Background Identification of modifiable risk factors and treatments for osteoarthritis (OA) are needed. Warfarin, a vitamin K antagonist, causes fetal and animal model skeletal abnormalities. Vitamin K insufficiency has been associated with OA, but whether warfarin is also detrimental to OA is not known.

Methods We conducted a nested case–control study using a UK general practitioner electronic medical records database. We identified cases of knee or hip replacement (KR or HR) from among adults with atrial fibrillation newly prescribed either warfarin or direct oral anticoagulants (DOACs). Cases were matched with four controls by age and sex. We assessed the relation of warfarin compared with DOAC use to risk of joint replacement using conditional logistic regression. We also evaluated different durations of warfarin use.

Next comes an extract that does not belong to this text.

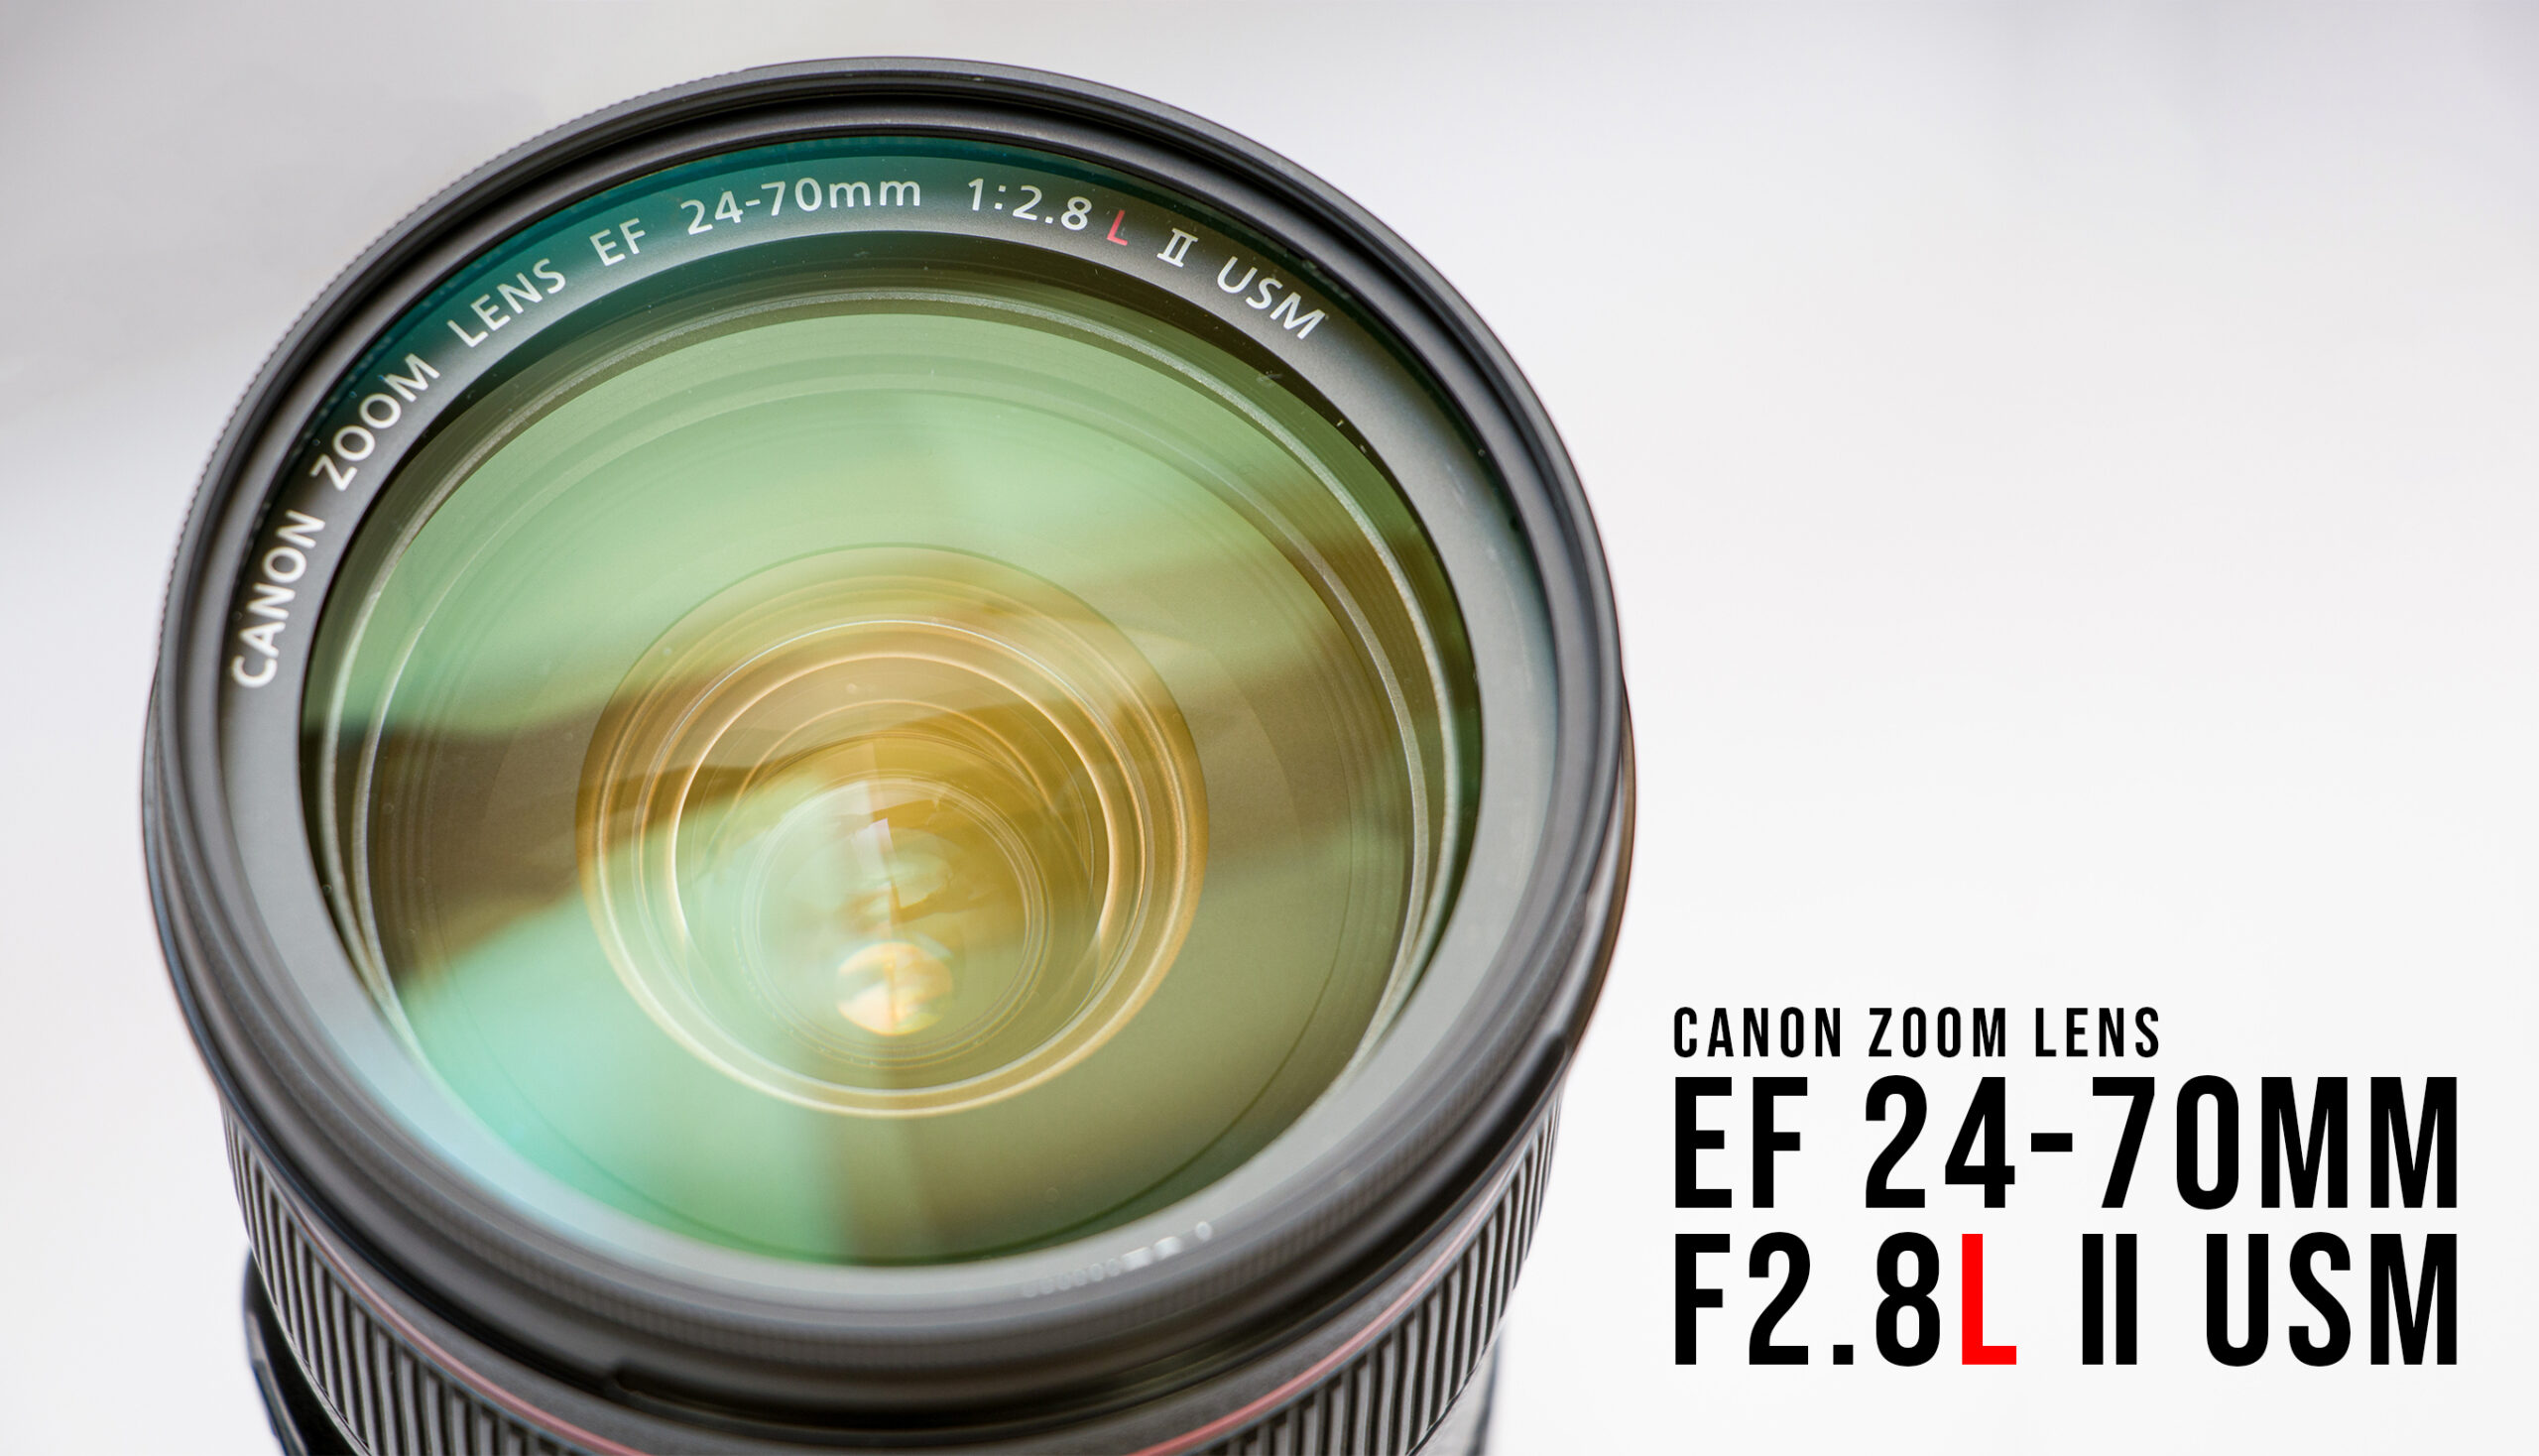 Canon キヤノン EF24-70mm f2.8L II USM 12日まで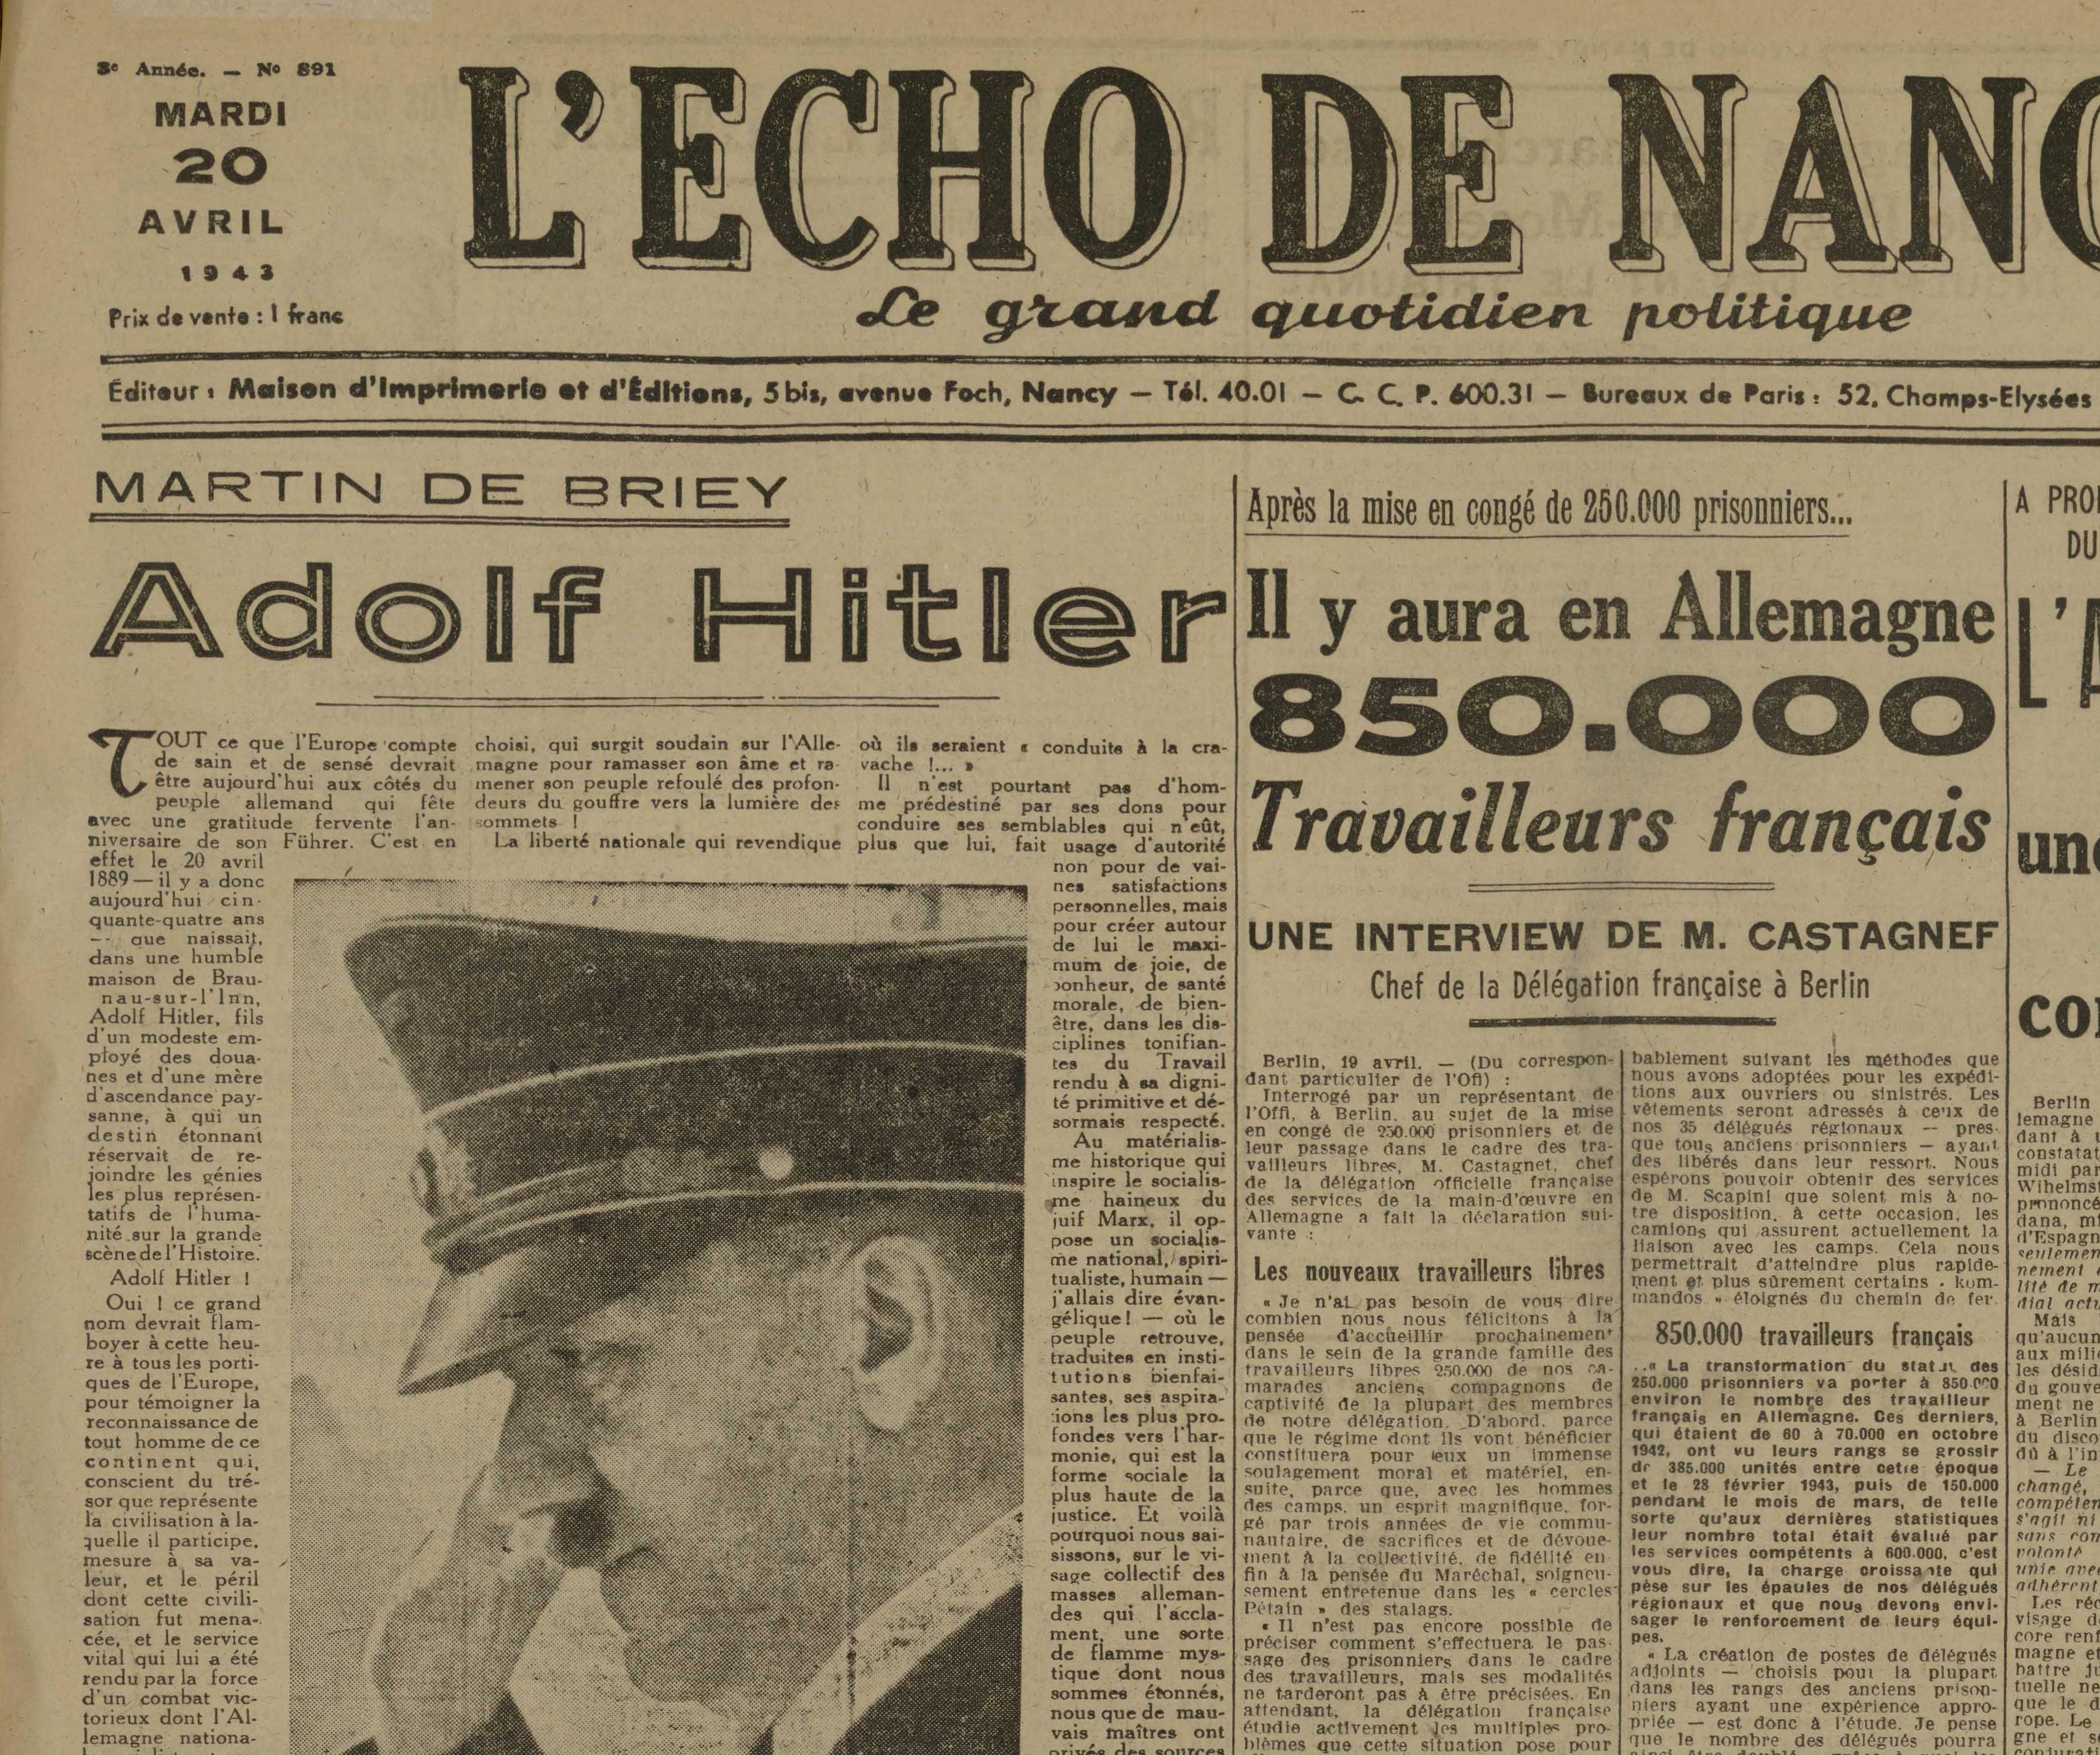 Contenu du Article consacré à Hitler, extrait de l'Écho de Nancy du 20 avril 1943

Results We identified 857 subjects with KR or HR (cases), of whom 64.6% were warfarin users, and 3428 matched controls, of whom 56.1% were warfarin users (mean age 75, 47% female). Warfarin users had a 1.59 times higher risk of joint replacement than DOAC users (adjusted OR 1.59, 95% CI 1.31 to 1.92). Longer duration of warfarin use was associated with higher risk of joint replacement in comparison with <1 year of warfarin use.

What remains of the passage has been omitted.